VAT (Value Added Tax) is one of the main indirect taxes in European Union countries. It is paid by consumers when purchasing goods and services, but companies administer it.
European companies add VAT to the amounts on invoices issued to their clients. After receiving full payment from the client, the legal entity pays this tax to the national tax authority of its country.
A company can both collect VAT from payments and pay VAT when settling with its contractors. In this case, the amount paid to the tax authority is the difference between the VAT received from clients and the VAT paid to suppliers. This difference is called the tax liability.
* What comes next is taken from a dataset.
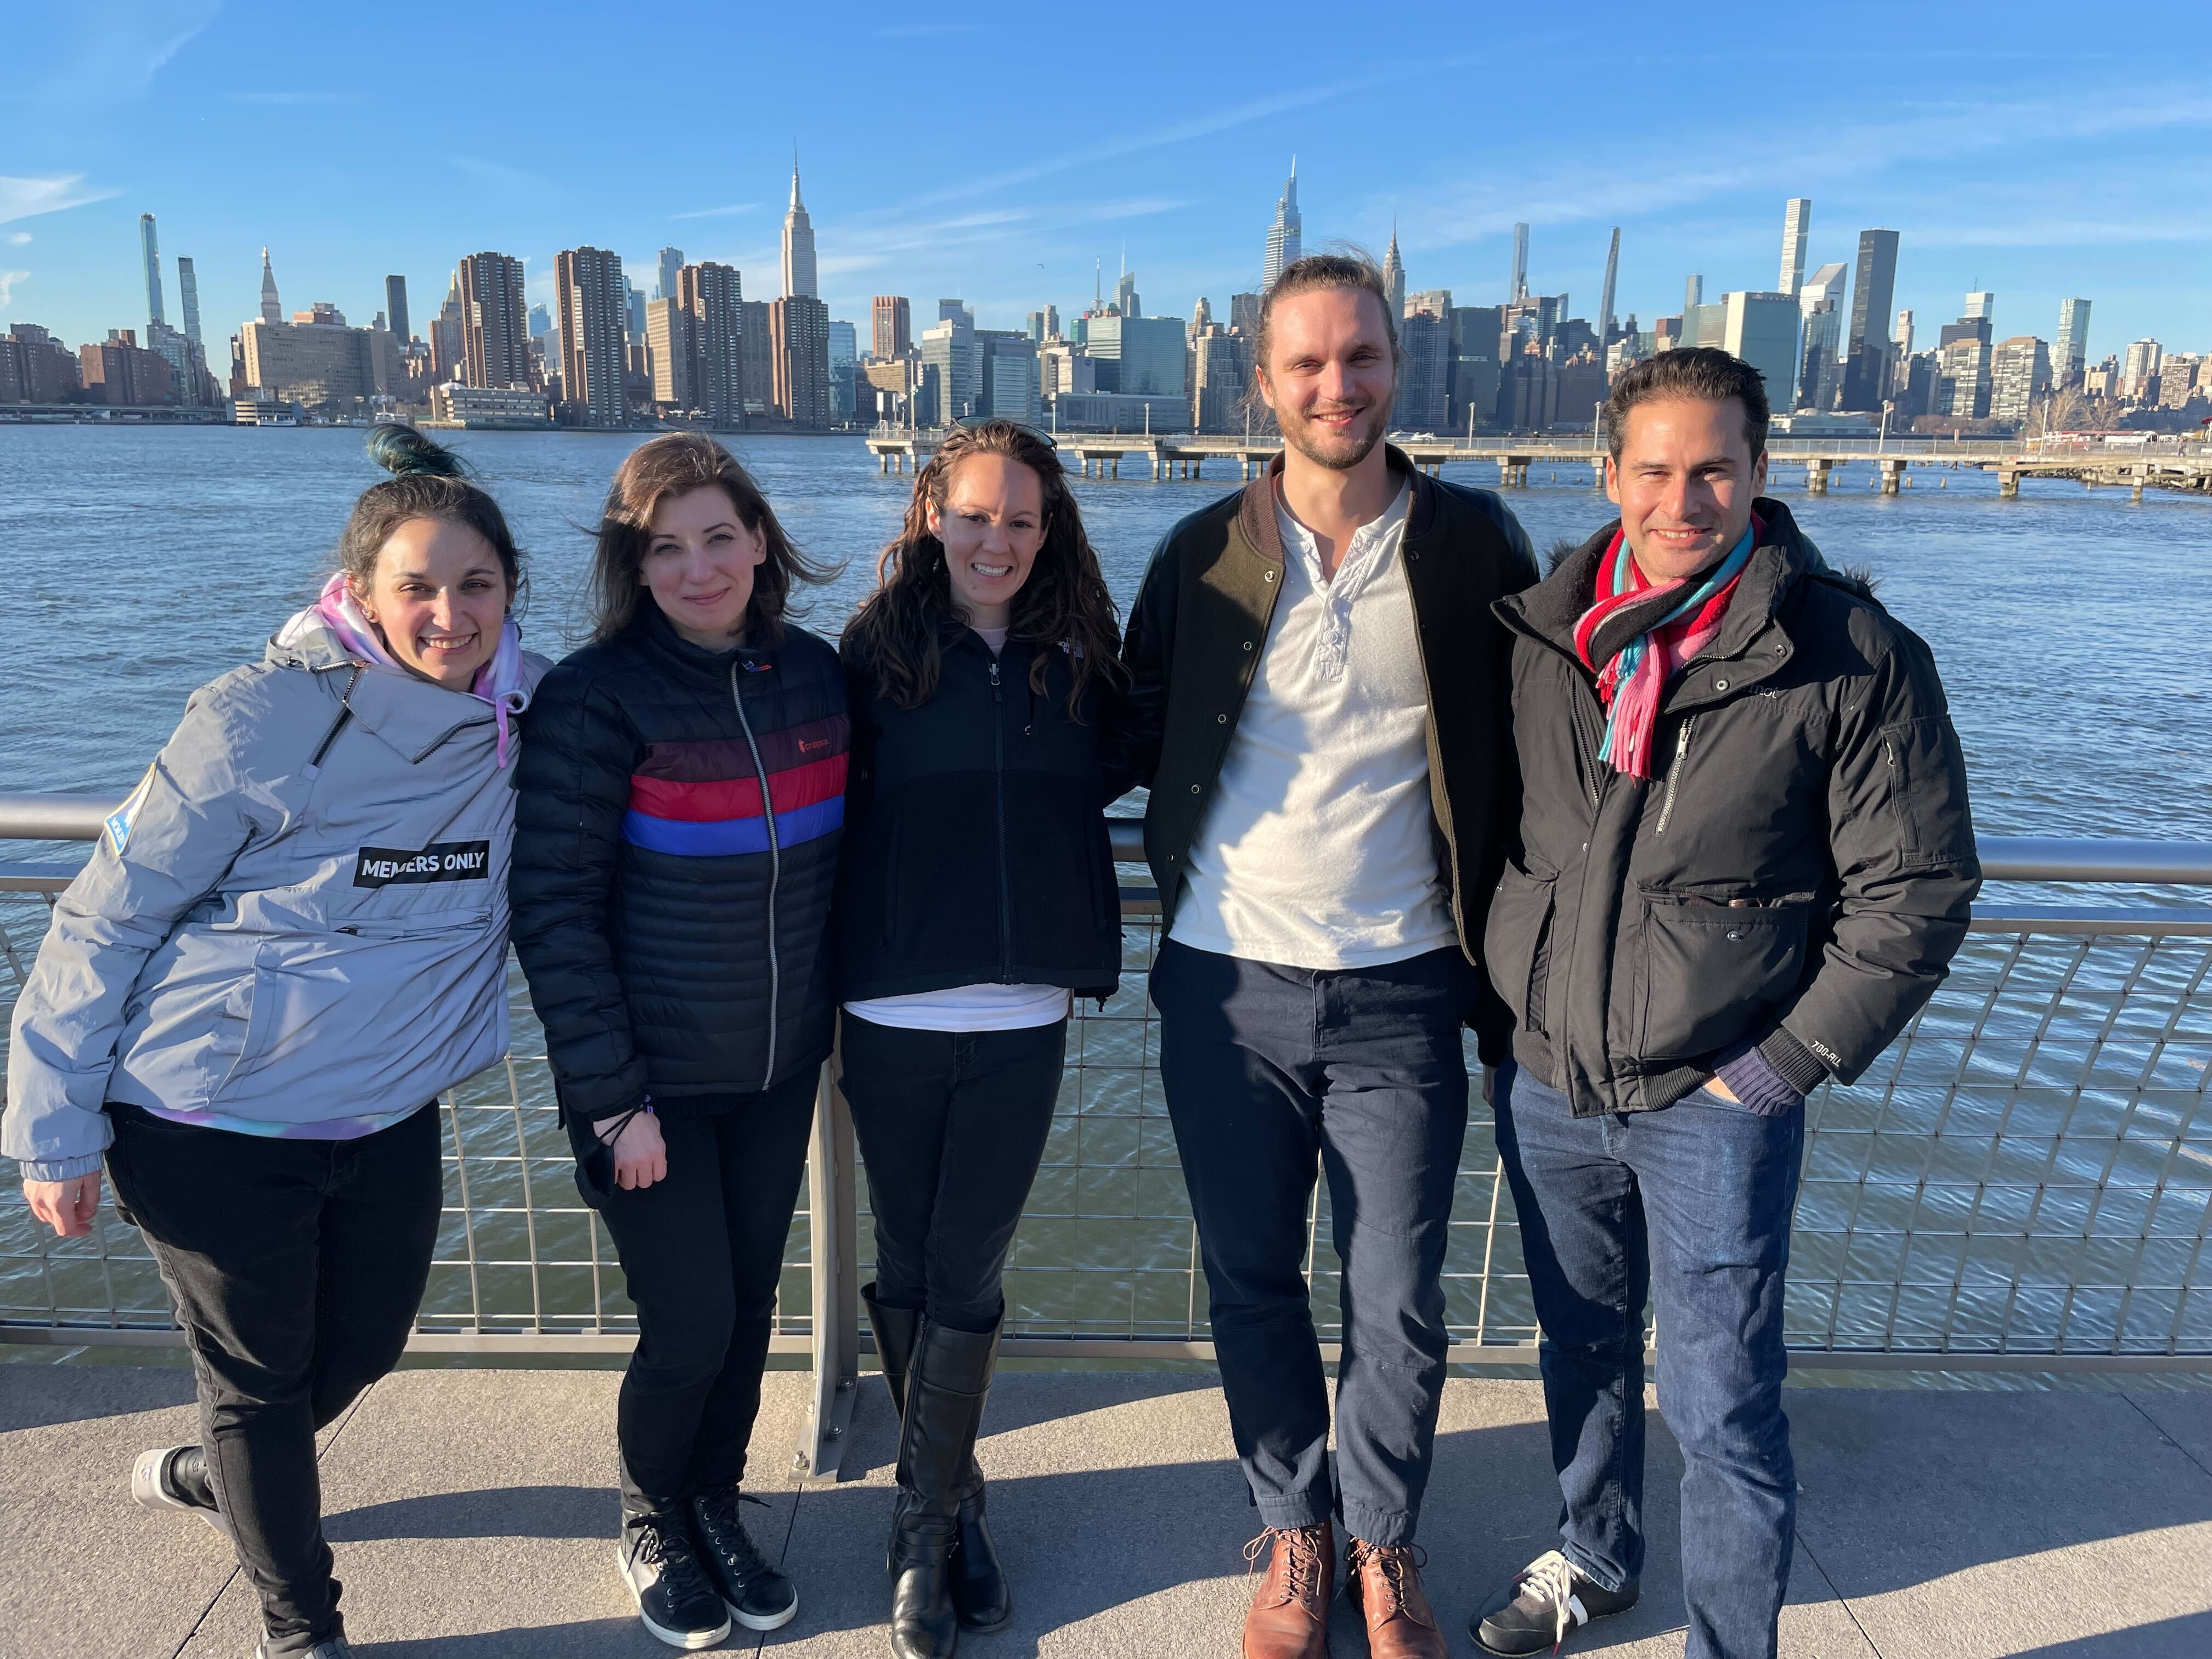 Alley Lede team posing in front of the New York skyline

If input VAT exceeds output VAT, the company submits a refund claim instead of paying tax.
- A manufacturer buys raw materials for €100 plus €20 VAT, totaling €120
- They produce a product and sell it to a retail store for €200 plus €40 VAT, totaling €240
- The manufacturer pays VAT to the state: €40 (from the sale) − €20 (from the purchase) = €20
- The store sells the product to the end customer for €300 plus €60 VAT, totaling €360
- The store pays the state: €60 (collected from the end customer) − €40 (paid to the manufacturer) = €20
As a result, the state collected a total of €40 in VAT, which equals 20% of the final price excluding tax.
These are the basic rules of how VAT works in the European Union. However, to trade across the EU, companies must have an EU VAT number registered in the VIES system , the VAT information exchange system between EU member state tax authorities. It was created to monitor the correct application of VAT in cross-border trade between companies within the EU.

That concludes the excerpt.